質問主意書

第136回国会(常会)

答弁書


答弁書第三号

内閣参質一三六第三号

  平成八年四月二十六日

内閣総理大臣 橋本 龍太郎   


       参議院議長 斎藤 十朗 殿

参議院議員山口哲夫君提出日米安保の再定義と沖縄米軍基地に関する質問に対し、別紙答弁書を送付する。

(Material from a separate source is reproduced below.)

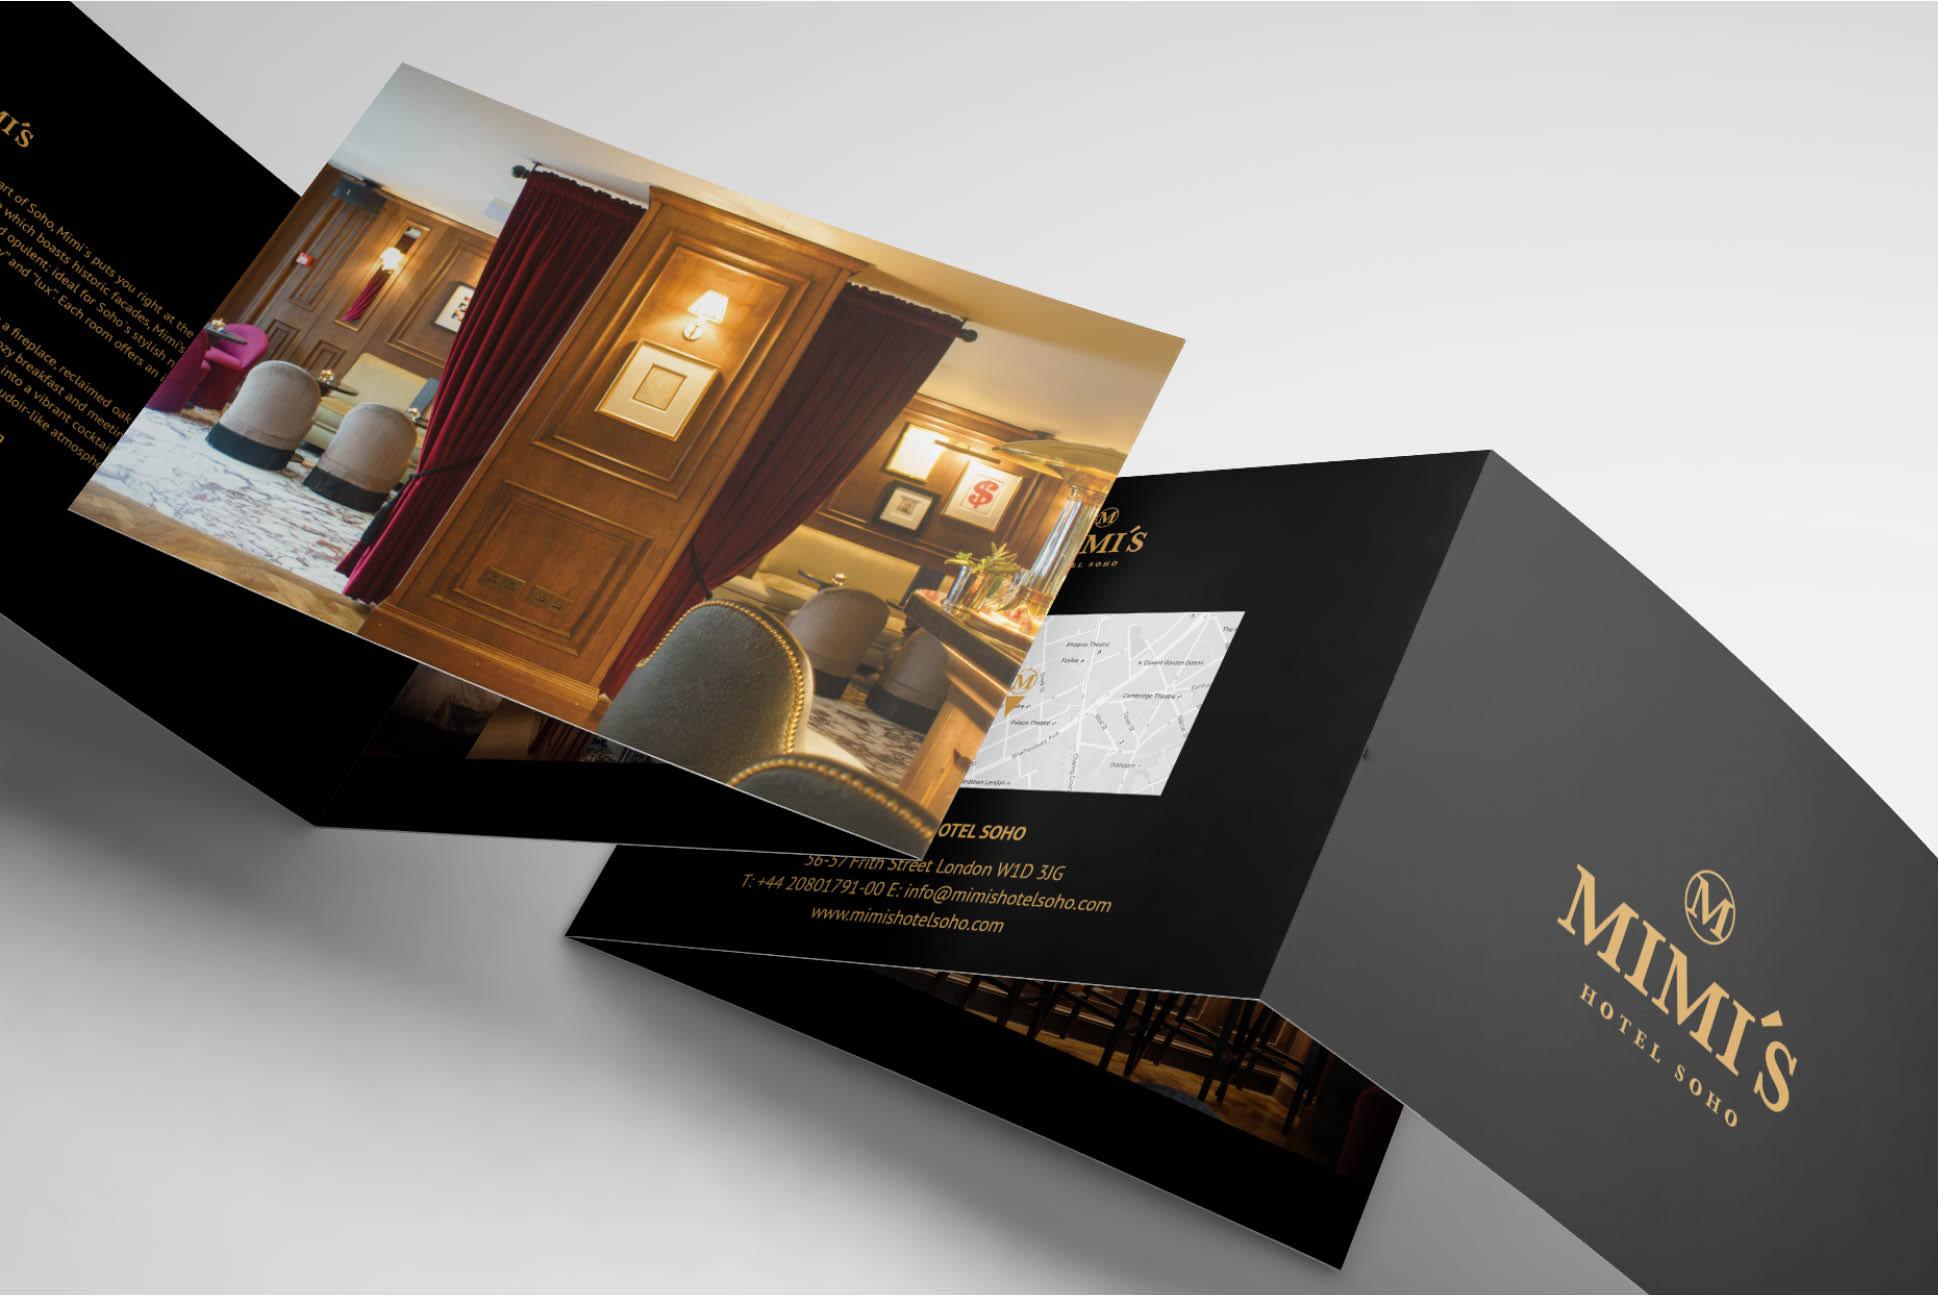 Mimi's Hotel Soho brochure | | Independent Marketing - IM London | Hospitality and Hotel Branding
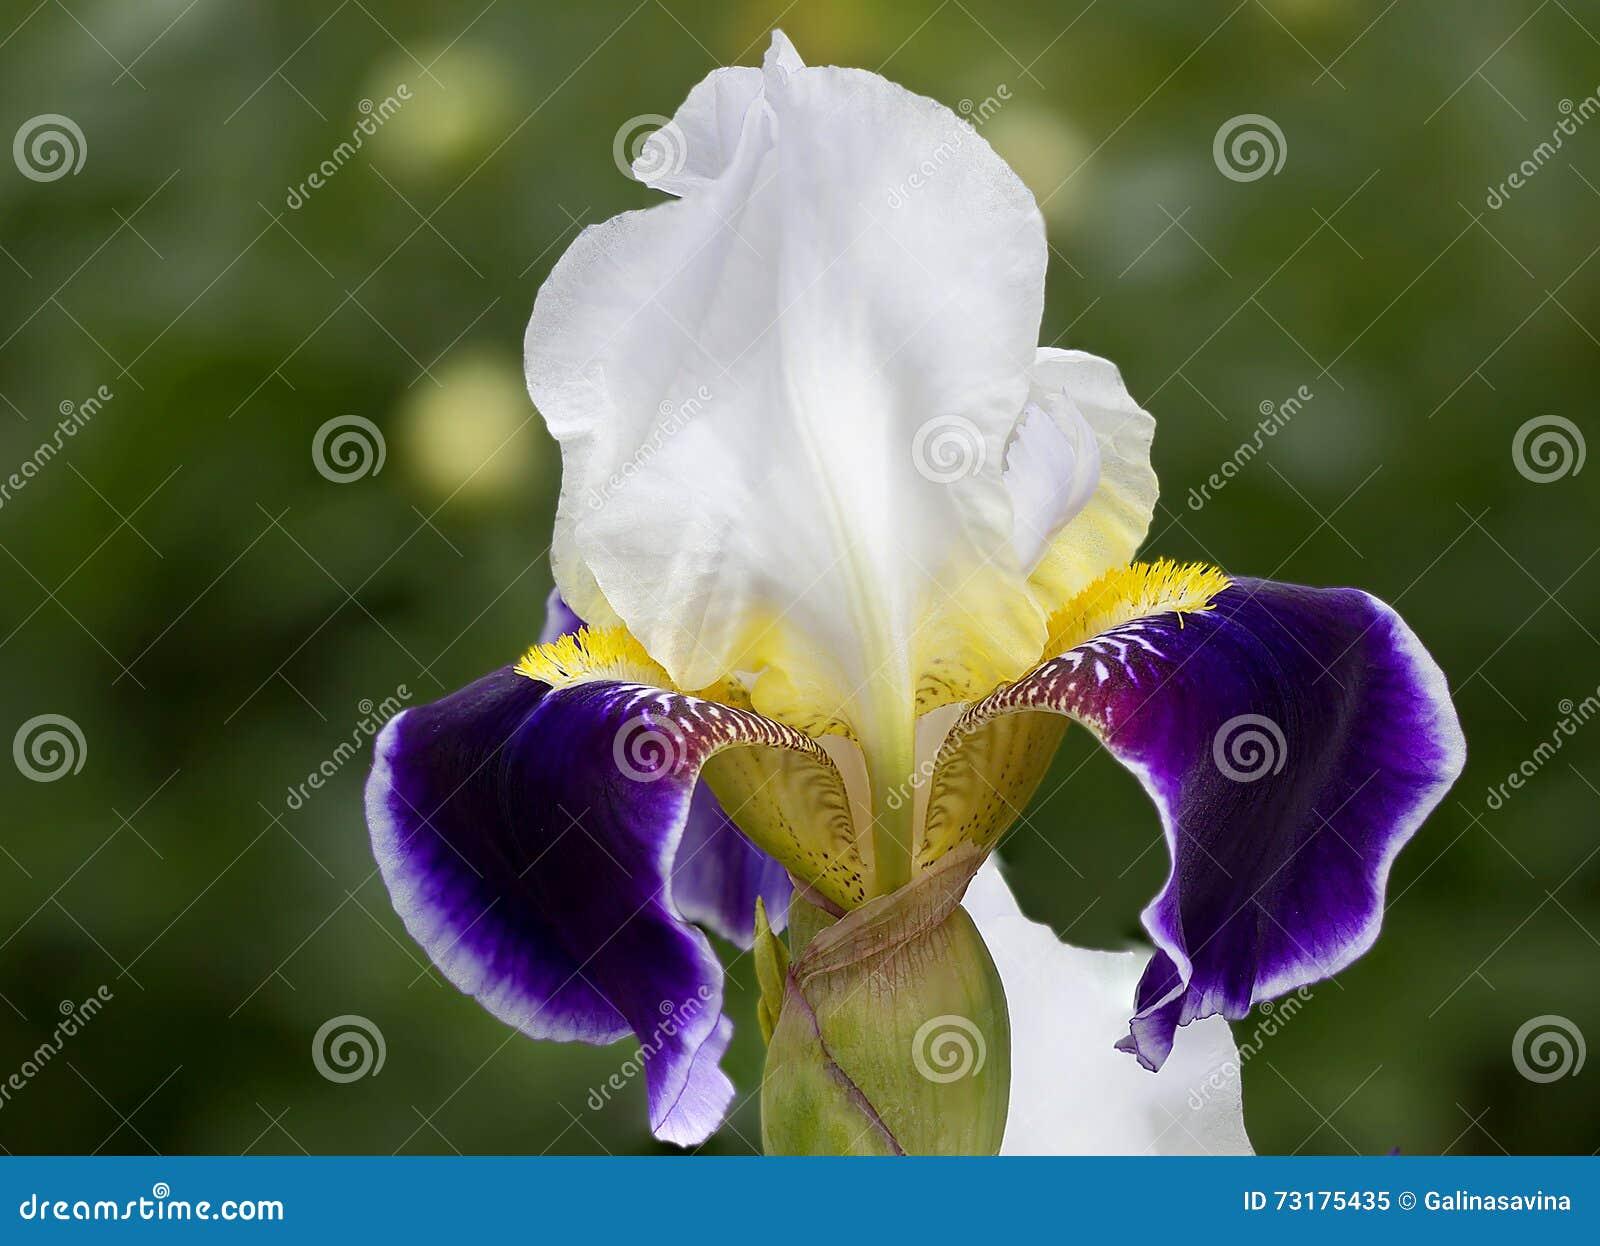 Iris the sort of beautiful night stock image image of gardening royalty free stock photo izmirmasajfo

   参議院議員山口哲夫君提出日米安保の再定義と沖縄米軍基地に関する質問に対する答弁書

一について

 我が国に駐留する米軍は、我が国を含む極東における国際の平和と安全の維持に寄与するとの任務を現に果たしているところであるが、米軍の運用上の都合による在日米軍の部隊の極東以外の地域への移動について、日米安保条約上何ら制約がないことは、政府が従来から国会等で明らかにしているとおりである。

二について

 普天間飛行場については、本年四月十二日に橋本総理がモンデール駐日米国大使と会談を行い、所要の措置が採られた後に全面返還することにつき既に合意が得られており、このことは四月十五日に日米安全保障協議委員会が発表した特別行動委員会の中間報告(以下「中間報告」という。)において確認されている。中間報告で確認された内容は、「今後五~七年以内に、十分な代替施設が完成した後、普天間飛行場を返還する。施設の移設を通じて、同飛行場の極めて重要な軍事上の機能及び能力は維持される。このためには、沖縄県における他の米軍の施設及び区域におけるヘリポートの建設、嘉手納飛行場における追加的な施設の整備、KC-130航空機の岩国飛行場への移駐及び危機に際しての施設の緊急使用についての日米共同の研究が必要となる。」というものである。

三について

 米軍の各飛行場において採られている航空機騒音規制措置は、駐留している米軍の運用規則や飛行場の特性を考慮し、それぞれの運用状況を踏まえたものとなっており、必ずしも一律なものではないが、共通する事項もあることから、できる限り横田及び厚木飛行場に係る合同委員会合意を参考に、更に沖縄県に特有の要素を加味して米側と協議を重ねた結果、項目やその表現において、これらの合意とほぼ同様の内容の合同委員会合意が得られたものである。
 また、右合同委員会合意において、米側との間で航空機騒音に関する状況を改善すべく今後とも最大限の努力を行っていくことを確認したところであり、政府としては、引き続き真剣に対応してまいる所存である。

四について

 沖縄県における駐留軍用地の返還に伴う特別措置に関する法律(平成七年法律第百二号)第八条に基づく給付金については、平成八年度に初めて支給されるものであることから、まず、同条の規定に基づき適正に執行していくことが大切であると考えている。

五について

 金武町で実施されている実弾射撃訓練に伴う不発弾の処理については、昨年十一月、沖縄県による地位協定見直し要請の一項目となっていることは承知している。
 本件不発弾処理に関しては、特別行動委員会の場等を通じ協議をしてきたものであるが、中間報告において述べているとおり、今後、不発弾処理の具体的なガイドライン及び公表の方法について、検討作業に着手することとしている。
 また、県道104号線越え実弾射撃訓練に関しては、中間報告において、これを取りやめ、本土の複数の演習場に移転することについて改めて確認したところである。なお、本件に関しては、現在、合同委員会の下に設置された特別作業班で鋭意検討を行っているところである。